- Official promotional poster
- Directed by: Ricky D'Ambrose
- Written by: Ricky D'Ambrose
- Produced by: Graham Swon
- Starring: Brian d'Arcy James; Monica Barbaro; Mark Zeisler; Geraldine Singer; William Bednar-Carter; Madeline Hudelson; Linnea Gregg;
- Cinematography: Barton Cortright
- Edited by: Ricky D'Ambrose
- Production company: Ravenser Odd
- Distributed by: MUBI
- Release dates: September 2021 (Venice); September 2, 2022 (United States);
- Running time: 88 minutes
- Country: United States
- Language: English
- Budget: $200,000

= The Cathedral (2021 film) =

2021 film by Ricky D'Ambrose

The Cathedral is a 2021 American semi-autobiographical coming-of-age drama film written, directed, and edited by Ricky D'Ambrose. It stars Brian d'Arcy James, Monica Barbaro, Mark Zeisler, Geraldine Singer, and William Bednar-Carter. It revolves around an only child's meditative, impressionistic account of an American family's rise and fall over two decades.

The film had its world premiere at the 78th Venice International Film Festival in September 2021, where it was awarded the HFPA Special Prize. It was given a limited theatrical release in the United States on September 2, 2022, before its streaming release on September 9, by MUBI. It received generally positive reviews from critics. At the 38th Independent Spirit Awards, it won the John Cassavetes Award and was nominated for Best Supporting Performance (for James) and Best Editing.

==Premise==
The film follows the life of Jesse Damrosch from his birth in 1987 until his college acceptance at the age of twenty. Familial drama like the AIDS-related death of his uncle Joseph, and his tense relationship with his father occurs against the backdrop of historical events like the 1993 bombing of the World Trade Center in New York City and the presidency of George W. Bush.

==Cast==
- Brian d'Arcy James as Richard Damrosch
- Monica Barbaro as Lydia Damrosch
- Mark Zeisler as Nick Orkin
- Geraldine Singer as Flora Orkin
- Hudson McGuire as Jesse (age 3–5)
- Henry Glendon Walter V as Jesse (age 9)
- Robert Levey II as Jesse (age 12)
- William Bednar-Carter as Jesse (age 16)
- Madeline Hudelson as Kara Orkin
- Linnea Gregg as Christine Orkin

== Production ==
The film was selected for the Biennale College Cinema 2020-2021 program, which awarded it a €150,000 grant for production.

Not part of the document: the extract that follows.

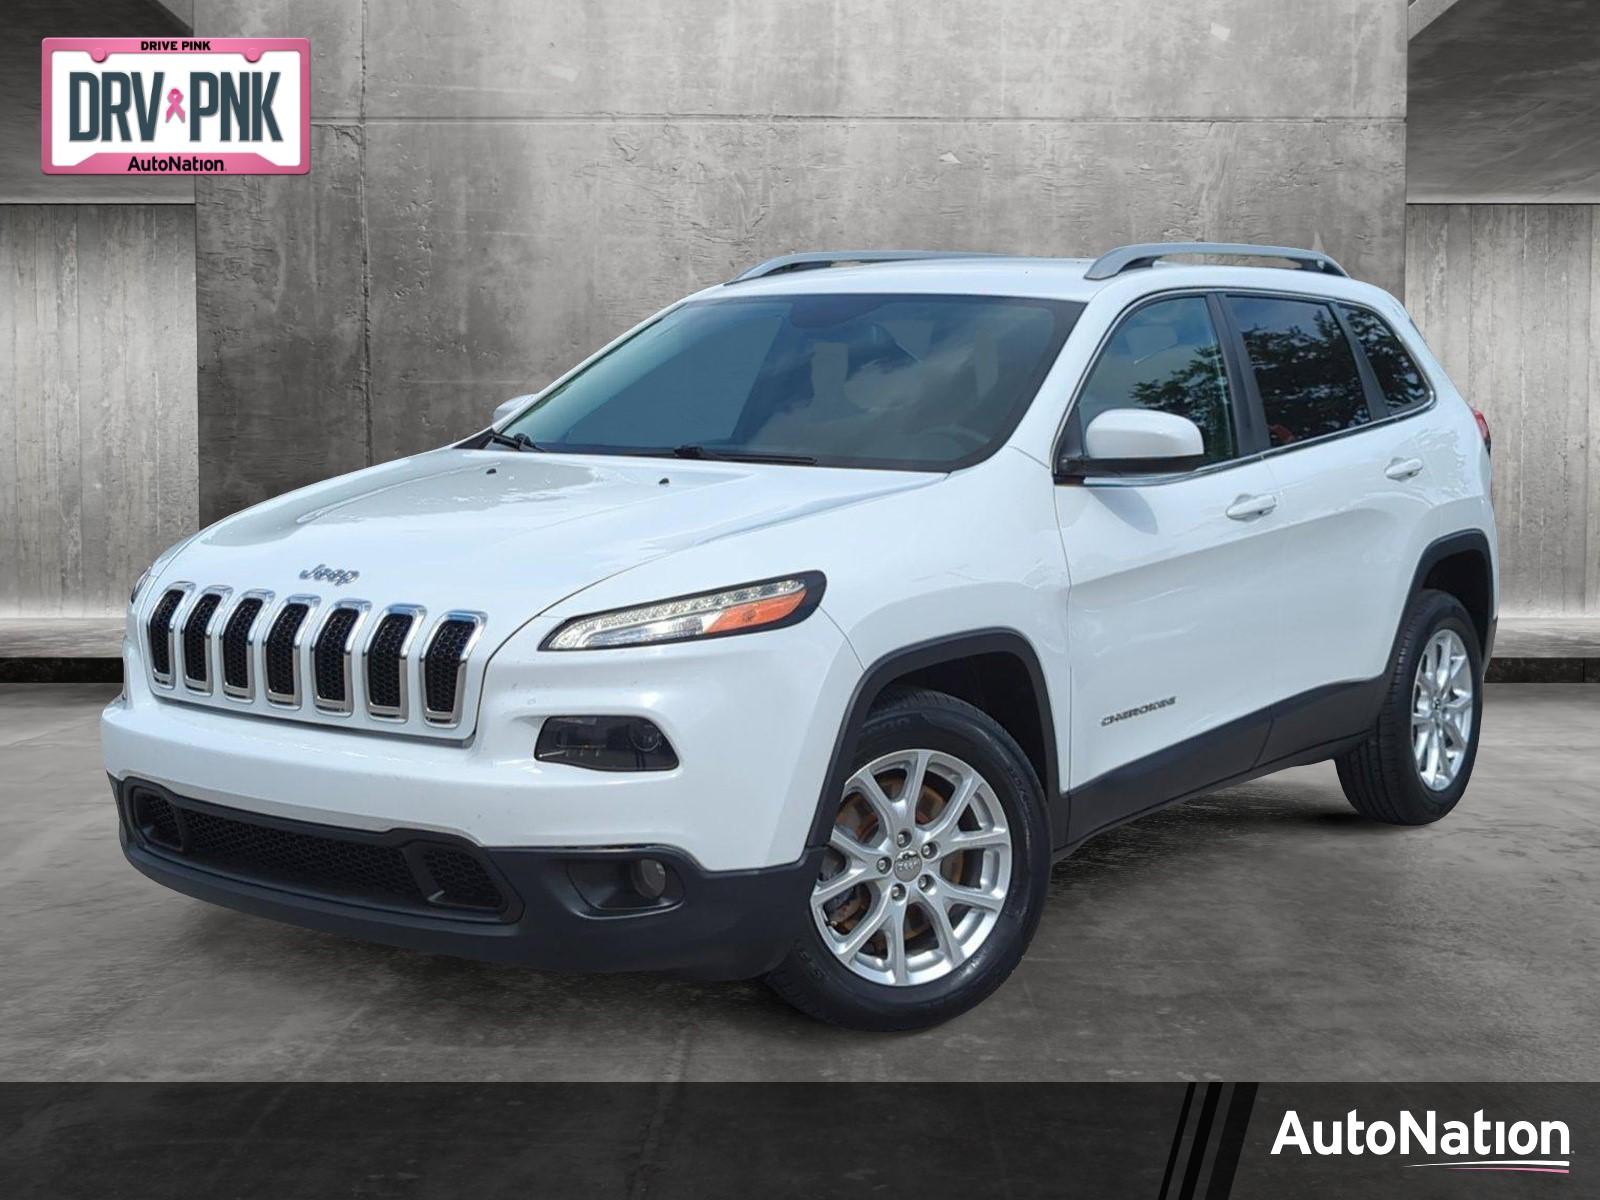 2016 Jeep Cherokee Vehicle Photo in Hollywood, FL 33021

It is a semi-autobiographical film based on the life of Ricky D'Ambrose, who wrote, directed and edited the film. David Lowery served as the film's executive producer.

== Release ==
The film had its international premiere at the 78th Venice International Film Festival. It premiered in the United States at the 2022 Sundance Film Festival. In December 2021, Visit Films purchased worldwide sales rights to the film, with Mubi acquiring the distribution rights for the United States and United Kingdom respectively.

== Reception ==
The film received mostly positive reviews from critics, who praised its approach to storytelling and visuals. Metacritic, which uses a weighted average, assigned the film a score of 82 out of 100, based on 6 critics, indicating "universal acclaim".

Writing for Deadline Hollywood, Todd McCarthy described the film as "eccentric" and praised filmmaking D'Ambrose's technique. In a review for Artforum, Amy Taubin characterized the film's use of sensory and visual guides to explore the memory of Jesse as "experimental." Richard Brody of The New Yorker favorably compared The Cathedral to the autobiographical films of Terence Davies.

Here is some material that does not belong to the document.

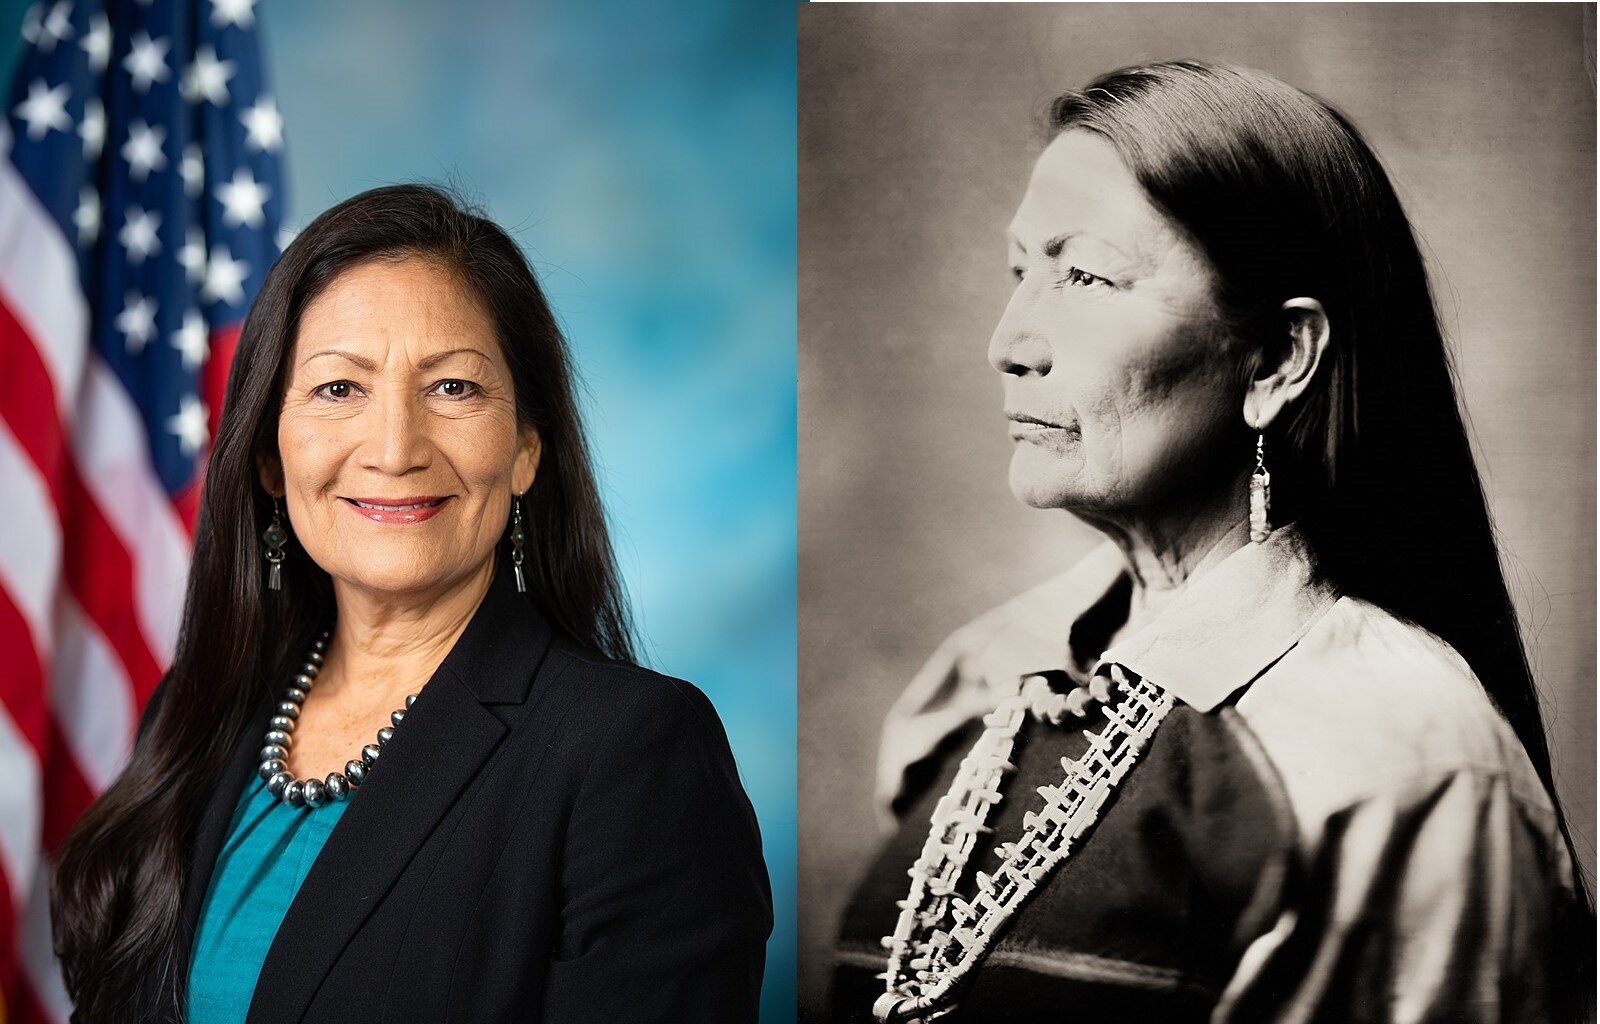 PICTURED: Sec. of the Interior Debra Haaland was selected by Joe Biden, according to many people’s beliefs, for her ability to carry out the American the Beautiful/30x30 executive order.Congresswoman Debra Haaland, or “Crushed Turquoise” of the Laguna Pueblo, New Mexico’s 1st District, captured in the historic wet plate collodion process of pure silver on glass for “Northern Plains Native Americans: A Modern Wet Plate Perspective”. Photo credit: Shane Balkowitsch. CC 4.0.

Brian Tallerico, writing for RogerEbert.com, gave a more mixed review. He described the film as "clever" but said that some aspects of its performances and direction made it feel "disjointed" at times. Jordan Raup of The Film Stage gave the film a B, praising its handling of a coming of age story, while criticizing some performances as being "wooden".

Alissa Wilkinson of Vox described the film as "quietly stunning jewel box of a film", and included it on a list of the 18 best films at Sundance in 2022. It was also included on Thrillist's list of "The Best Movies at the 2022 Sundance Film Festival."